MTSI heads into mid-June with a 10% gain on the week and options positioning turning notably more defensive — a split in the signals worth watching closely.
The stock closed at $379.87 on Thursday, up 10% from the prior Friday and 5% on the month, riding the tailwind from a blowout May 7 earnings print. That quarter delivered a 16% single-day gain and a 24% five-day move — one of the strongest post-earnings reactions in the company's recent history. The next print is due August 6, and the market's positioning is already starting to reflect it.
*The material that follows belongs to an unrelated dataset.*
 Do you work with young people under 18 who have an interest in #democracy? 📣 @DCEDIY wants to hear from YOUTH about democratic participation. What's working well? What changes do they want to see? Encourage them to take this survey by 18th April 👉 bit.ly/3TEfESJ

Options are sending the clearest near-term signal of caution. The put/call ratio has climbed to 0.53, more than 1.6 standard deviations above its 20-day average of 0.32 — a sharp pivot from the near-zero defensive posture that characterised late May and early June, when the PCR sat below 0.20. That earlier period tracked the post-earnings euphoria. The reset to elevated put demand, even as the stock grinds higher, suggests some holders are reaching for downside protection on the rally. The PCR hasn't reached its 52-week high of 0.73, so the positioning looks cautious rather than panicked — but the direction of travel is clear.
Short interest, by contrast, tells a much quieter story. Shorts have been unwinding steadily: the position has fallen 18% on the week and 15% on the month, bringing the short interest level down to just 3% of the free float. Borrow availability is exceptionally loose at 2,251% — more than 22 times the shares currently short are still available to lend — and cost to borrow runs at just 0.52%, with the 52-week peak utilization reading of 13.4% now a distant memory from early May. There is no squeeze dynamic here. The borrow pool is deep, covering is orderly, and the short score has eased from 36 to under 34 in the past two weeks. Bears are retreating, not being forced out.
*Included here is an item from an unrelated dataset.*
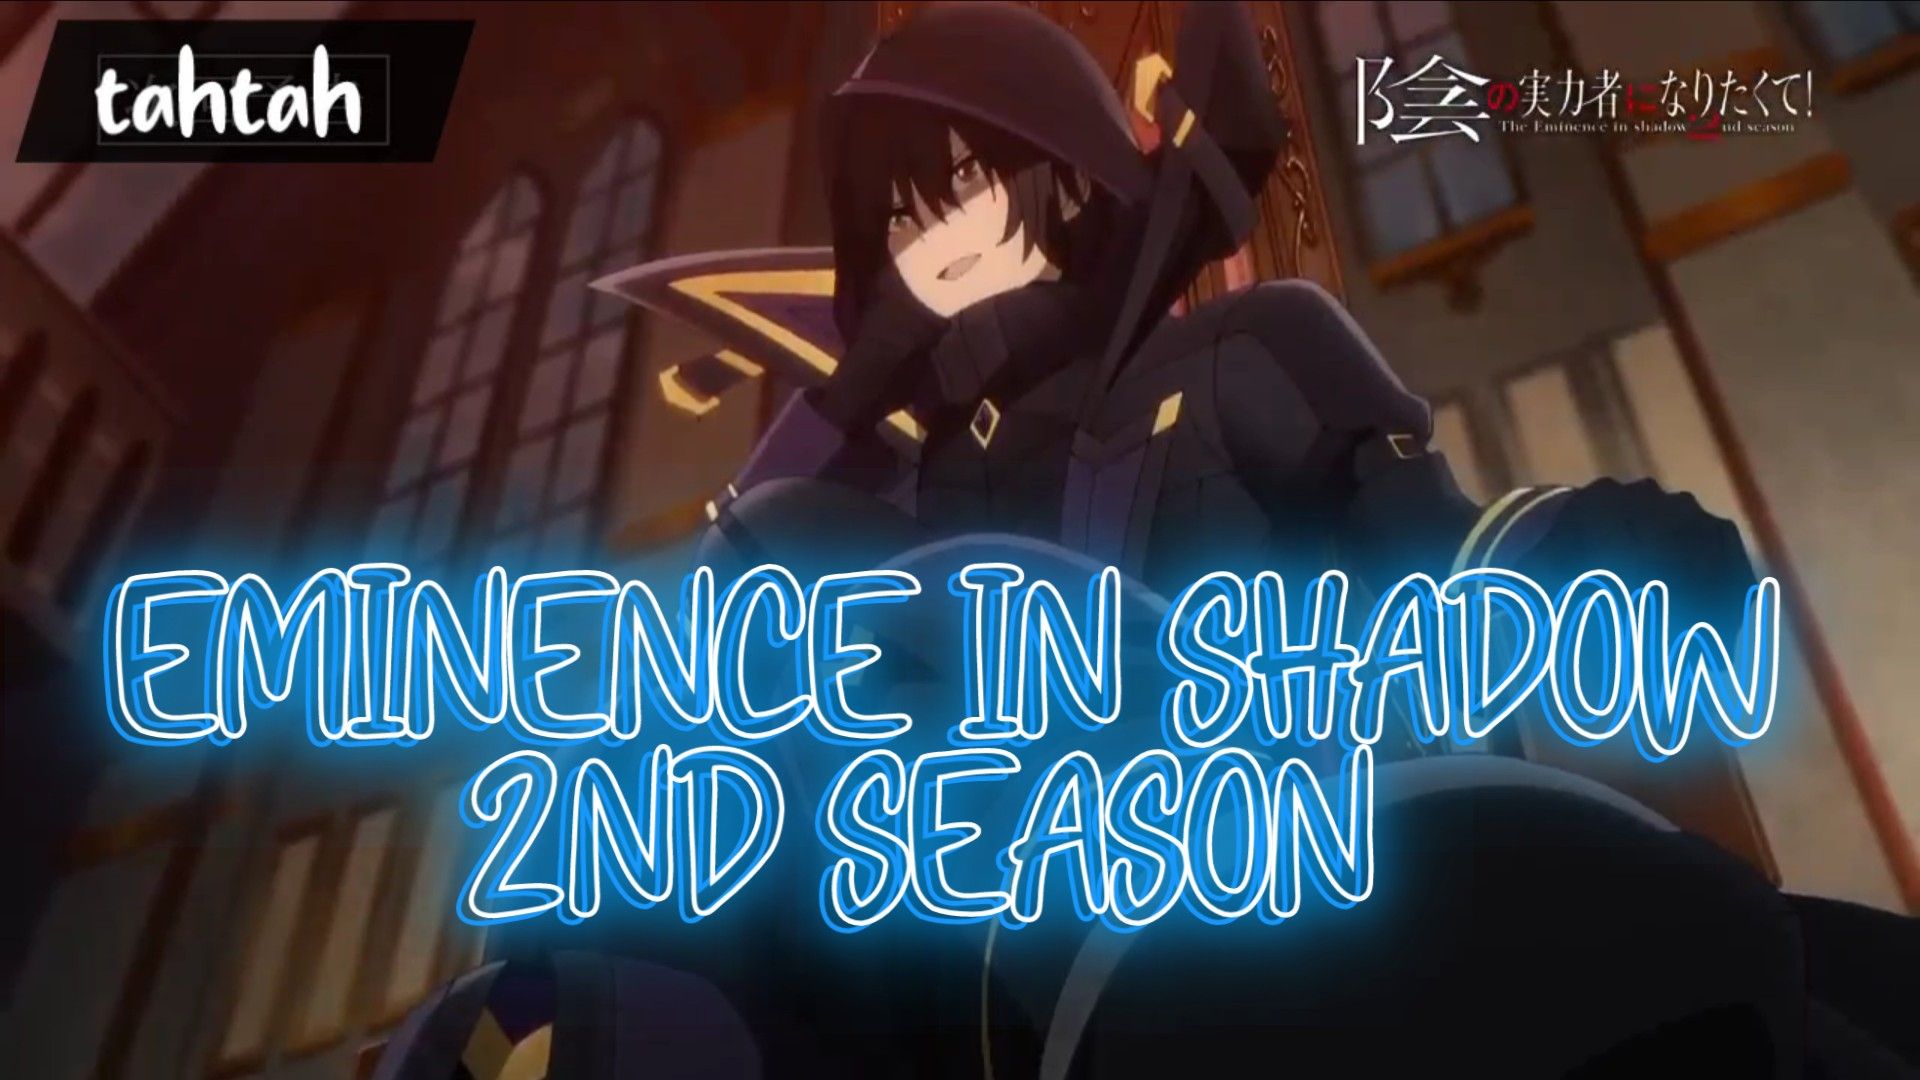 How to watch The Eminence in Shadow Season 2 – where to stream

The Street broadly endorses the bull case, though opinion is split on how much room is left at current levels. After the May 7 beat, a wave of analysts raised targets aggressively: Barclays bumped its to $400 and then $450 three weeks later, Evercore moved to $427, and even the Neutral camps — JP Morgan and Susquehanna — lifted their targets to $345 and $350 respectively from the $240–$300 range. The consensus mean target is $398, roughly 5% above Thursday's close, which is a tight gap for a stock that just ran 10% in a week. Bulls point to MACOM's positioning in data center optical interconnects and defense electronics, plus 5G and LEO satellite exposure, as durable demand drivers. Bears flag the concentration risk in data center and the integration drag from prior acquisitions — both real constraints on how quickly margins can expand. On valuation, the P/E is running near 64x and EV/EBITDA near 58x, with both multiples moving higher over the past week. The factor score on forward earnings growth ranks in the bottom quartile of the universe, a reminder that the premium is already baked into the price.
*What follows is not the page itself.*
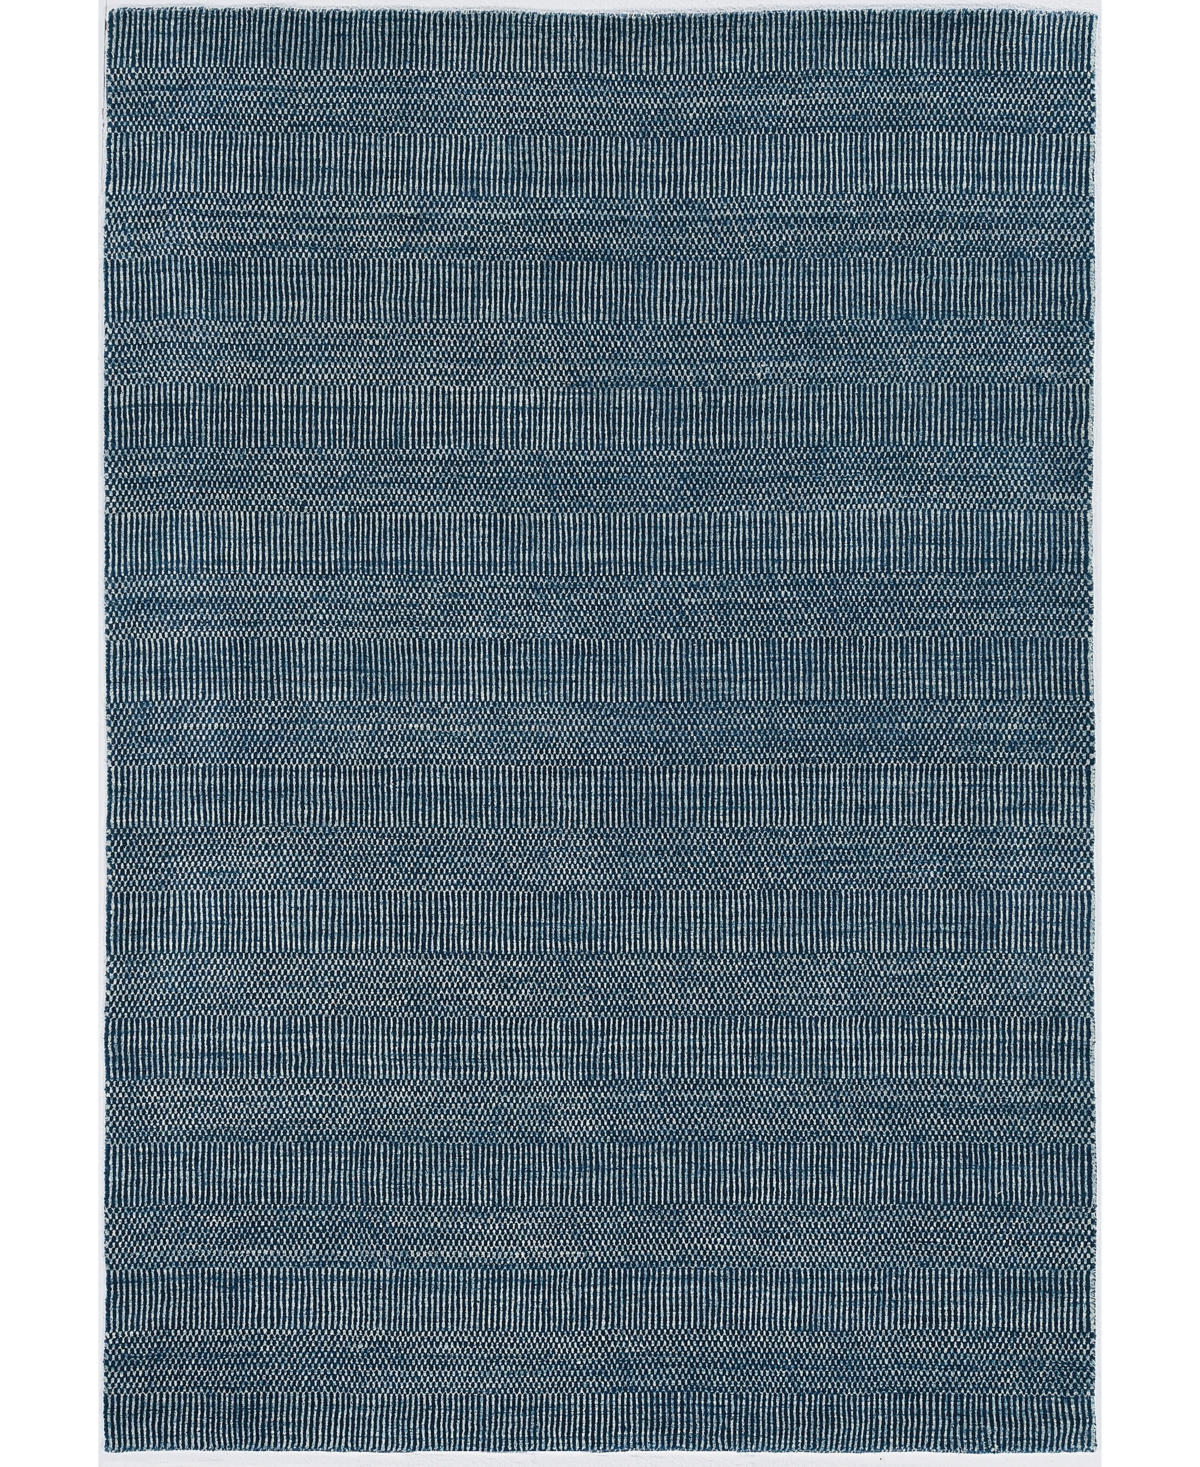 Km Home Alleanza 200 9' X 12' Area Rug In Teal

Institutional ownership adds a layer of complexity to the setup. FMR (Fidelity) added a notable 4.1 million shares in the most recent filing period to sit at 13.9% of shares outstanding — the largest holder. BlackRock added another million to reach 11.2%. Wellington Management added half a million shares as recently as April. On the other side, the estate of John L. Ocampo — the company's founder — reduced its holding by 1.2 million shares in Q1, bringing it to 7.7% of shares outstanding. That founder selling has been a gradual, ongoing feature of the MTSI story for some time. The CEO, Stephen Daly, also sold just under $2.3 million in stock on May 29 across multiple tranches, though the 90-day net insider position is actually positive at $7.7 million worth of net purchasing — suggesting the recent sales are likely plan-driven rather than a change in conviction.
Among correlated peers, SITM gained 17% on the week while MKSI added 18% — both outpacing MTSI's own 10% move, which is notable given MACOM's stronger year-to-date track record. WOLF bucked the sector trend sharply, falling 22% on the week, underlining that the semiconductor group remains differentiated by end-market exposure. With the next catalyst on the calendar being August 6 earnings, the period between now and then sets up as a test of whether the current options caution is a temporary hedge against profit-taking or the start of a more sustained positioning shift.
See the live data behind this article on ORTEX.
Open MTSI on ORTEX →ORTEX Market Intelligence content is generated by AI from a snapshot of ORTEX's proprietary data. Content is informational only and does not constitute investment advice.